Salah seorang warga Gresik, Devi, mengaku bergegas menuju pelabuhan usai mendapat kabar suaminya, Deni Vristiawan (39), yang berlayar bersama lima rekannya rute Tanjung Perak–Makassar menjadi korban dalam musibah itu.
"Saya baru mendapat kabar dari
live TikTok," kata Devi di lokasi Pelabuhan Tanjung Perak, Surabaya, Minggu, 2 Agustus 2026.
Kepanikan senada dirasakan Samparia, warga asal Makassar, yang namanya juga dikabarkan tidak tercantum dalam manifes resmi.
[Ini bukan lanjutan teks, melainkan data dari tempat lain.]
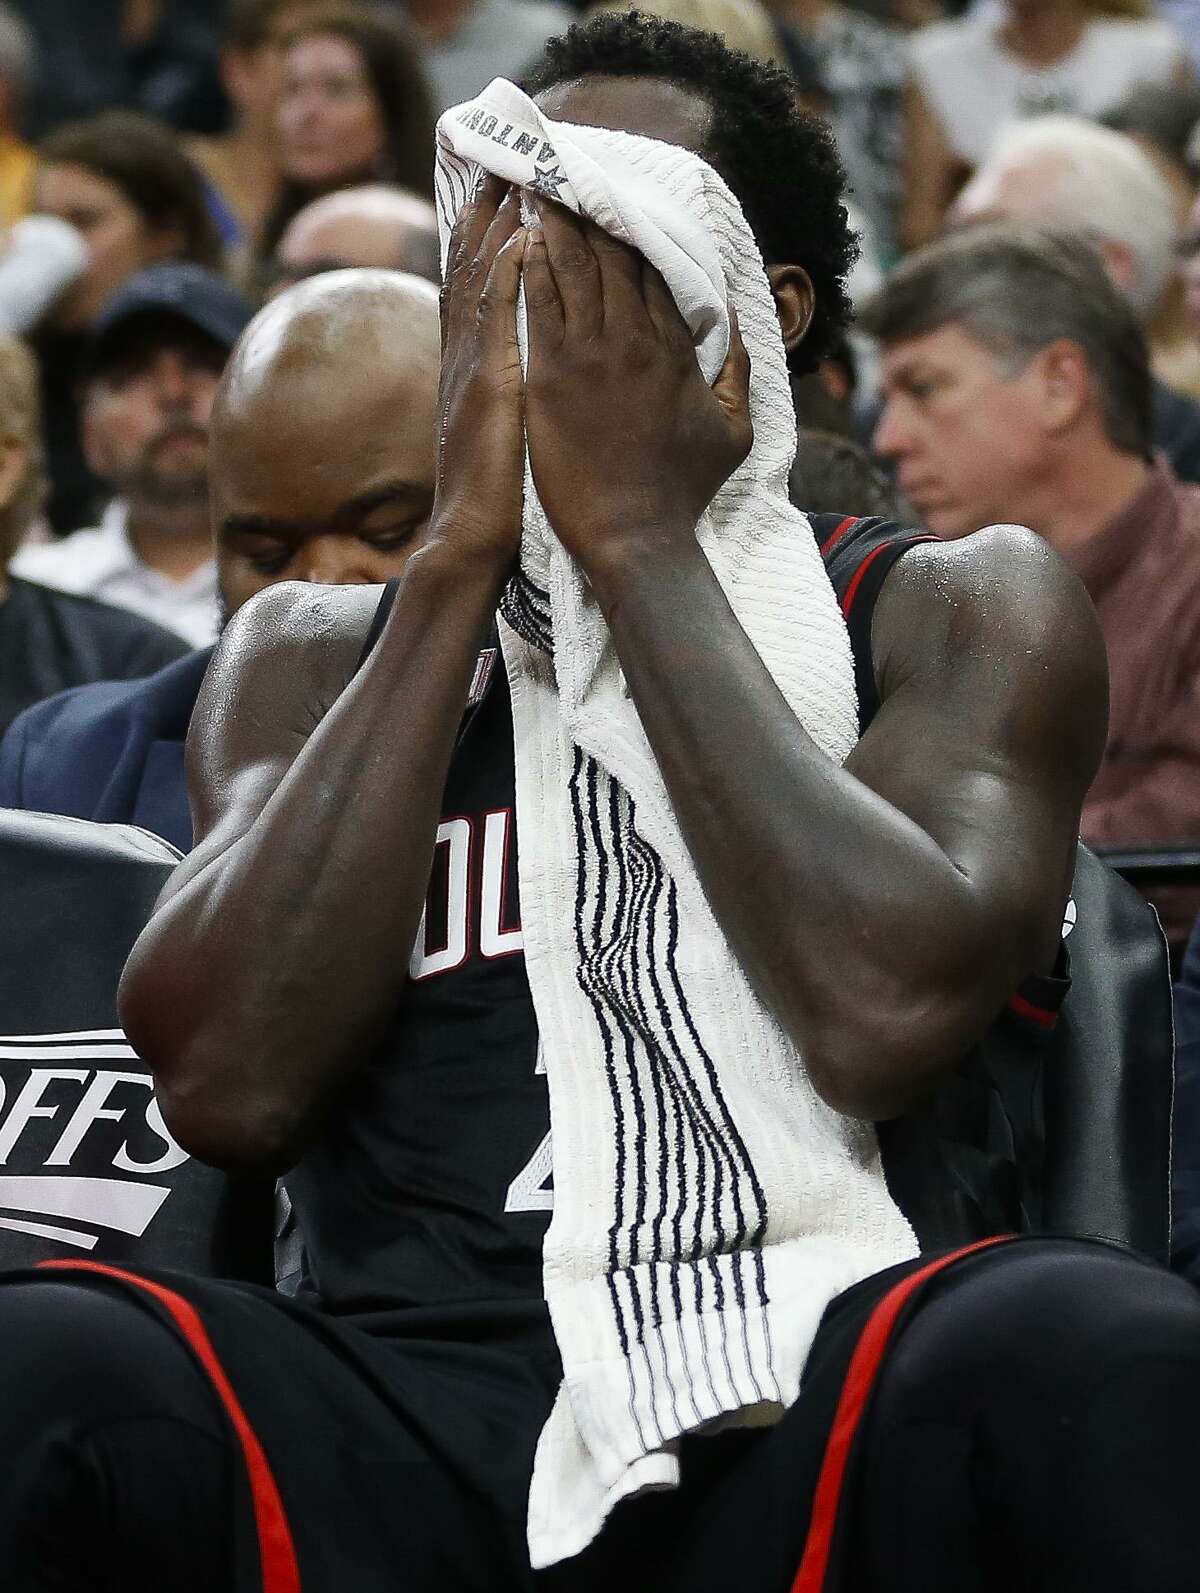 Rockets guard Patrick Beverley wipes his face as he sits down on the bench during the second half of Game 5 against the Spurs at the AT&T Center on May 9, 2017, in San Antonio.

Sementara itu, Susilo, seorang pemilik perusahaan ekspedisi di Pelabuhan Tanjung Perak, juga terus bertahan di lokasi demi menunggu kepastian nasib lima karyawannya yang mengawal muatan ternak.
"Dari pegawai yang mengirim kuda dan kambing, empat orang sudah dinyatakan selamat. Satu orang lagi belum diketahui keberadaannya," beber Susilo.
Berdasarkan data Basarnas, total korban dalam tragedi ini mencapai 232 orang. Sebanyak 227 korban berhasil dievakuasi dalam kondisi selamat, sementara 5 orang dilaporkan meninggal dunia.
Proses evakuasi dan penjemputan dilakukan secara bertahap oleh sejumlah kapal perbantuan di tengah laut. Kapal Meratus mengangkut 109 korban selamat dan 2 jenazah.
Selain itu, TB Hasnur menampung 26 korban selamat dan 1 meninggal dunia, Kapal Meratus Projek mengevakuasi 13 korban selamat dan 1 meninggal dunia, serta Kapal Alcon Daniel mengangkut 1 jenazah.
Guna mengantisipasi kedatangan para korban di Tanjung Perak, otoritas terkait telah menyiagakan lima unit mobil jenazah serta menunjuk RS PHC Surabaya sebagai rumah sakit rujukan utama penanganan medis.